Response to neoadjuvant chemotherapy is used in clinical research as an intermediate endpoint for breast cancer recurrence and survival.
candidates for NST
As stated in the earlier recommendations a meta-analysis of the published results showed no difference between neoadjuvant therapy and adjuvant therapy in terms of survival and overall disease progression. The individual patient data from these trials are currently being analysed by the Early Breast Cancer Trialists' Collaborative Group (EBCTCG). Therefore, neoadjuvant treatment can be offered as a standard treatment and as an alternative to adjuvant treatment to all patients who are expected to be candidates for adjuvant systemic chemotherapy.
in which patients is NST with cytotoxic agents the preferred treatment?
- Breast conserving surgery (BCS) is not possible or is likely to be suboptimal in terms of cosmesis.
- Patients whose tumors express markers of good response to chemotherapy (low or absent hormone-receptor status, high-grade, non-lobular invasive histology, high Ki67, luminal B) should be considered for NST.

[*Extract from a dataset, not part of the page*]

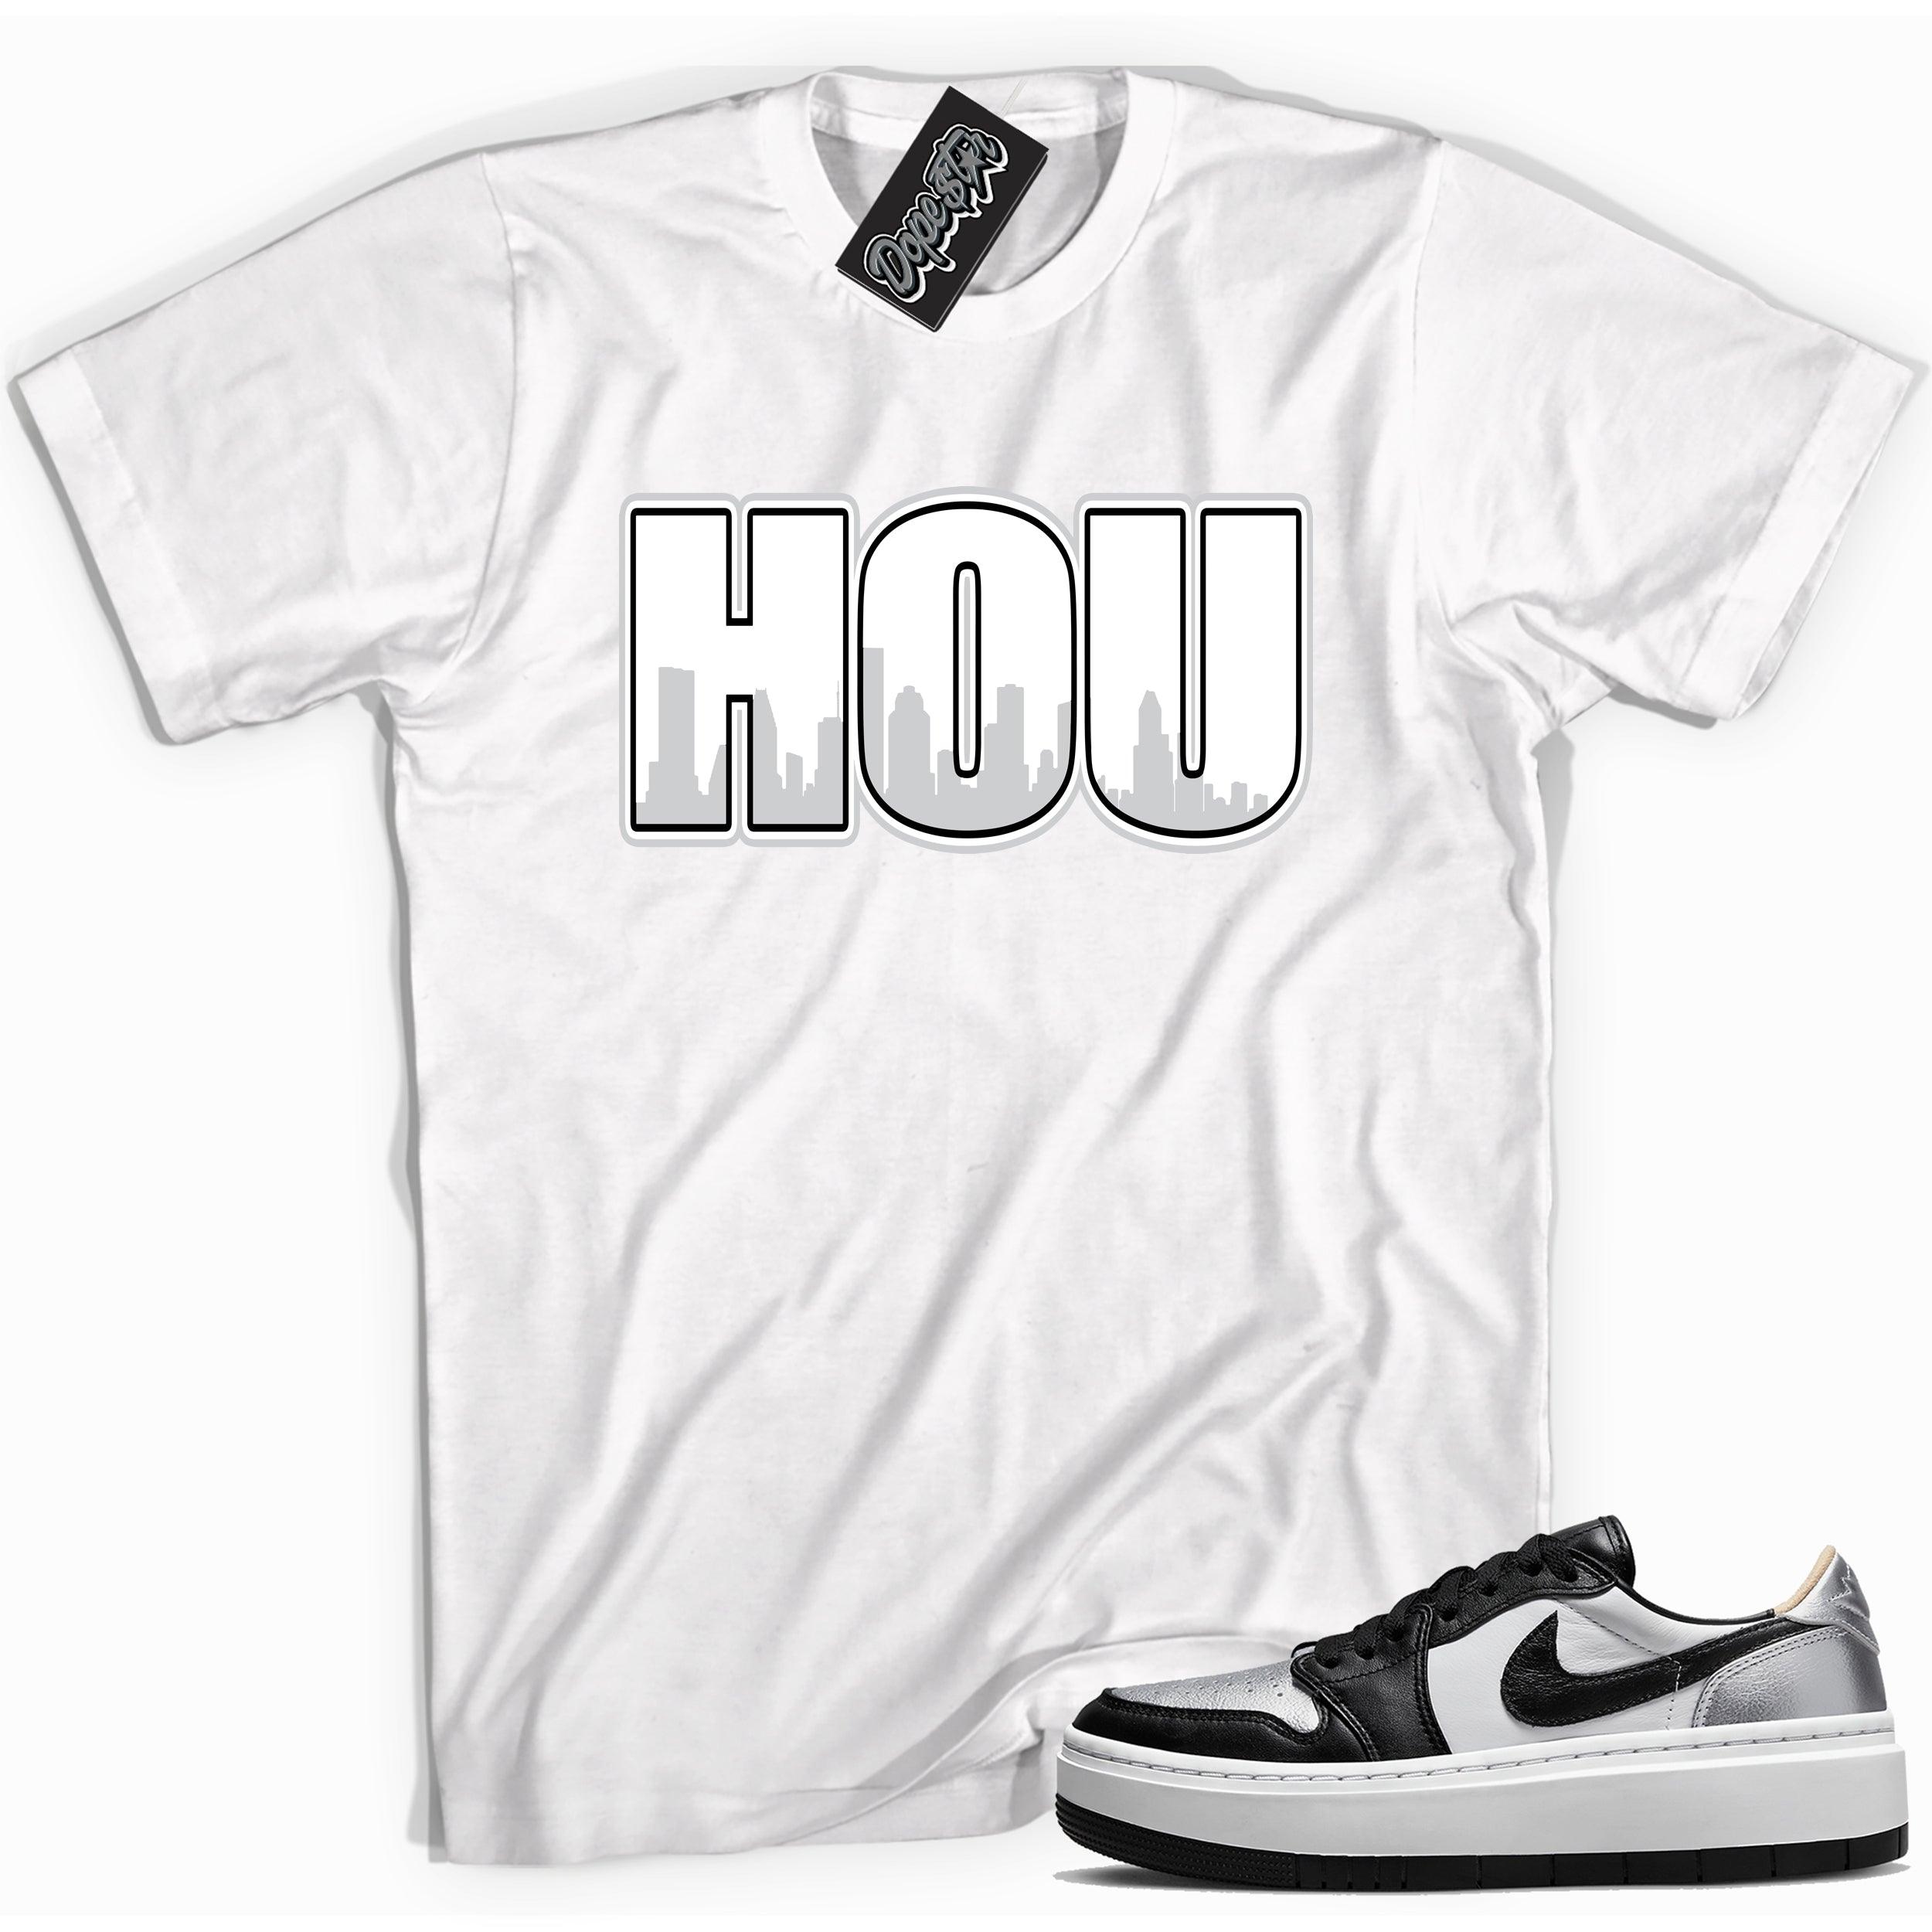 Cool white graphic tee with 'Houston HOU' print, that perfectly matches Air Jordan 1 Elevate Low SE Silver Toe sneakers.

in which patients is NST with endocrine agents the preferred treatment?
Endocrine NST alone would be appropriate mainly for patients in whom BCS is not possible or likely to be suboptimal in terms of cosmesis and who are not candidates for neoadjuvant or adjuvant cytotoxic chemotherapy and in whom predictive markers for endocrine responsiveness or chemotherapy unresponsiveness are present (estrogen receptor (ER) and progesterone receptor (PgR) positive, low grade, invasive lobular histology, low Ki67).
appropriate type of NST
Anthracycline- and taxane-based therapies are widely used. Capecitabine and Gemcitabine have been recently incorporated into trials assessing neoadjuvant chemotherapy (Table 1) [3–5]. Most trials are still ongoing. Combined or sequential use of anthracyclines and taxanes are both acceptable.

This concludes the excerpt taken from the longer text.